Law firm SGI legal has asked the Solicitors Regulation Authority (SRA) and professional indemnity (PI) insurers for better guidance about liability when buying work in progress from other law firms.

SGI argued that it is currently unclear when lawyers buying work in progress from another firm will be considered a successor practice, which makes them liable for any problems in the selling firm’s past.

In cases where the seller continues to trade, a successor practice issue will not arise. However, if the seller ceases to trade, which is common where the sale has been forced by financial stress, the buyer may be considered a successor practice and thus be liable for the seller’s problems.

SGI Legal managing partner Simon Gibson said: “The current guidance is extremely vague.

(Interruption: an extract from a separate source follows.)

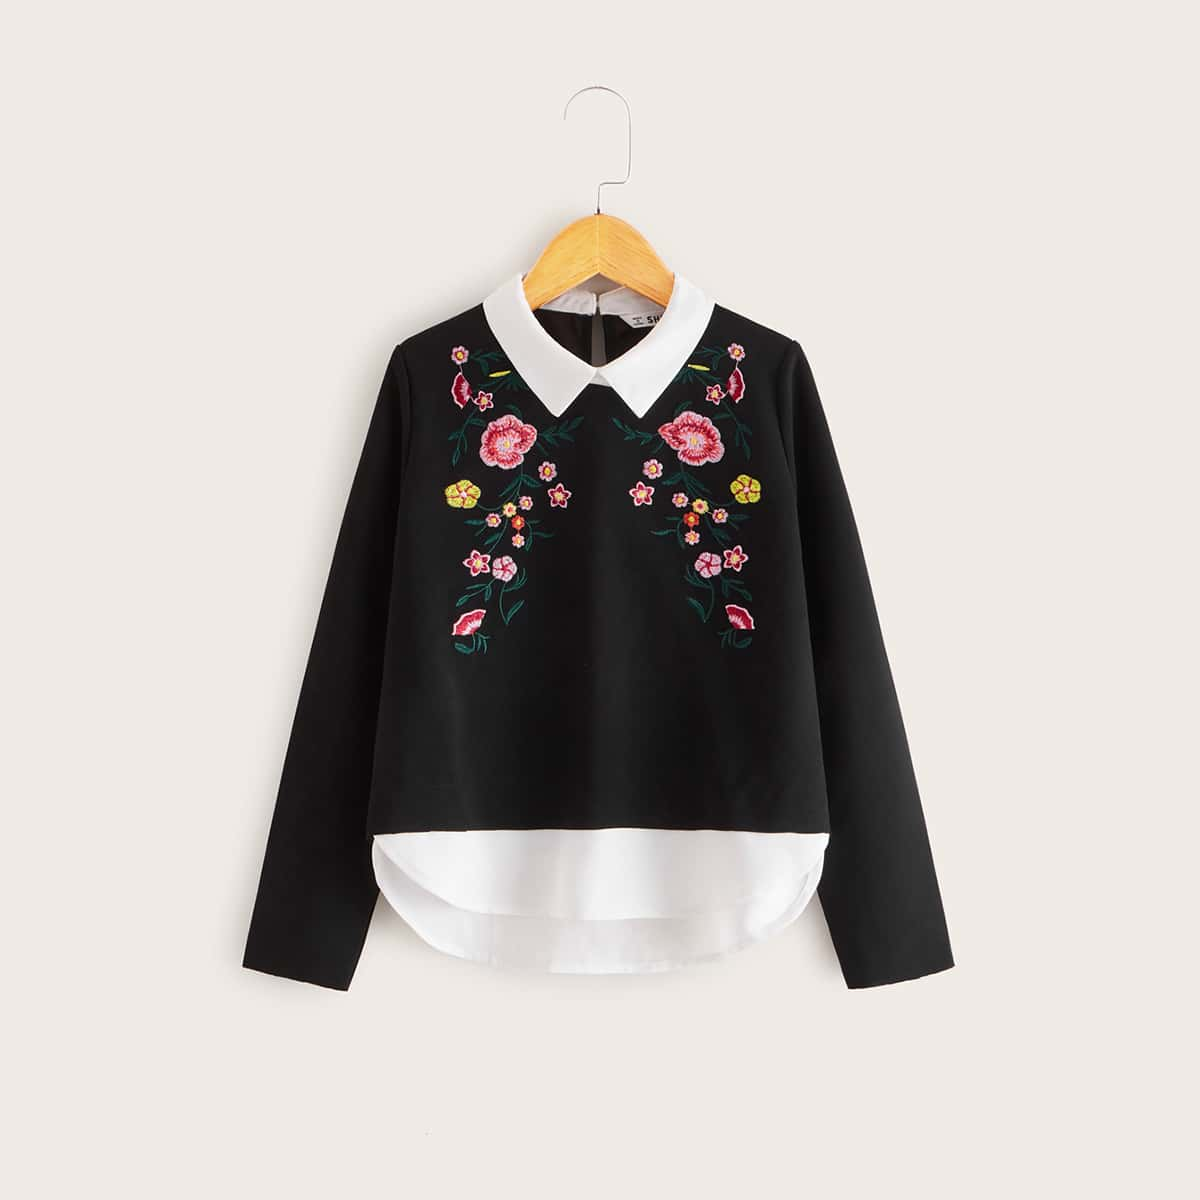 2 в 1 топ с цветочной вышивкой для девочек от SHEIN

“The SRA and main indemnity insurers urgently need to provide much clearer guidance on this issue. It is in everyone’s best interests that acquiring firms understand the circumstances in which liability will arise for historic risk.

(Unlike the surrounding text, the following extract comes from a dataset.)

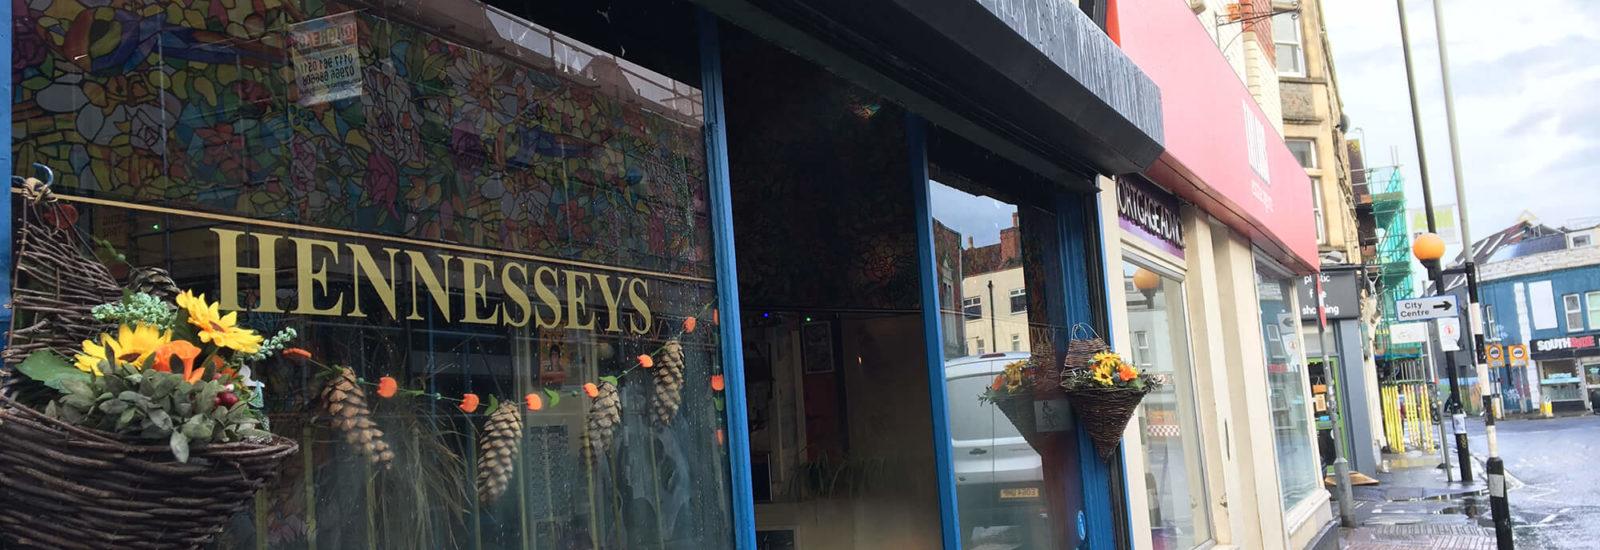 Image of Hennesseys

“It also allows insurers with exposure to acquisitive law firms to properly assess their risk and reserves with a degree of certainty. This is a time bomb sitting under too many firms and it needs to be resolved.”

He added that case law on the matter is fact-sensitive and so of limited value.

SGI Legal said the dangers have increased because of the increase in work in progress sales since the implementation of the Jackson legal reforms and the new RTA Portal fees.

Gibson said: “I have come across firms that buy the files and, with regards to mitigating the risk of becoming a successor practice, just hope for the best.”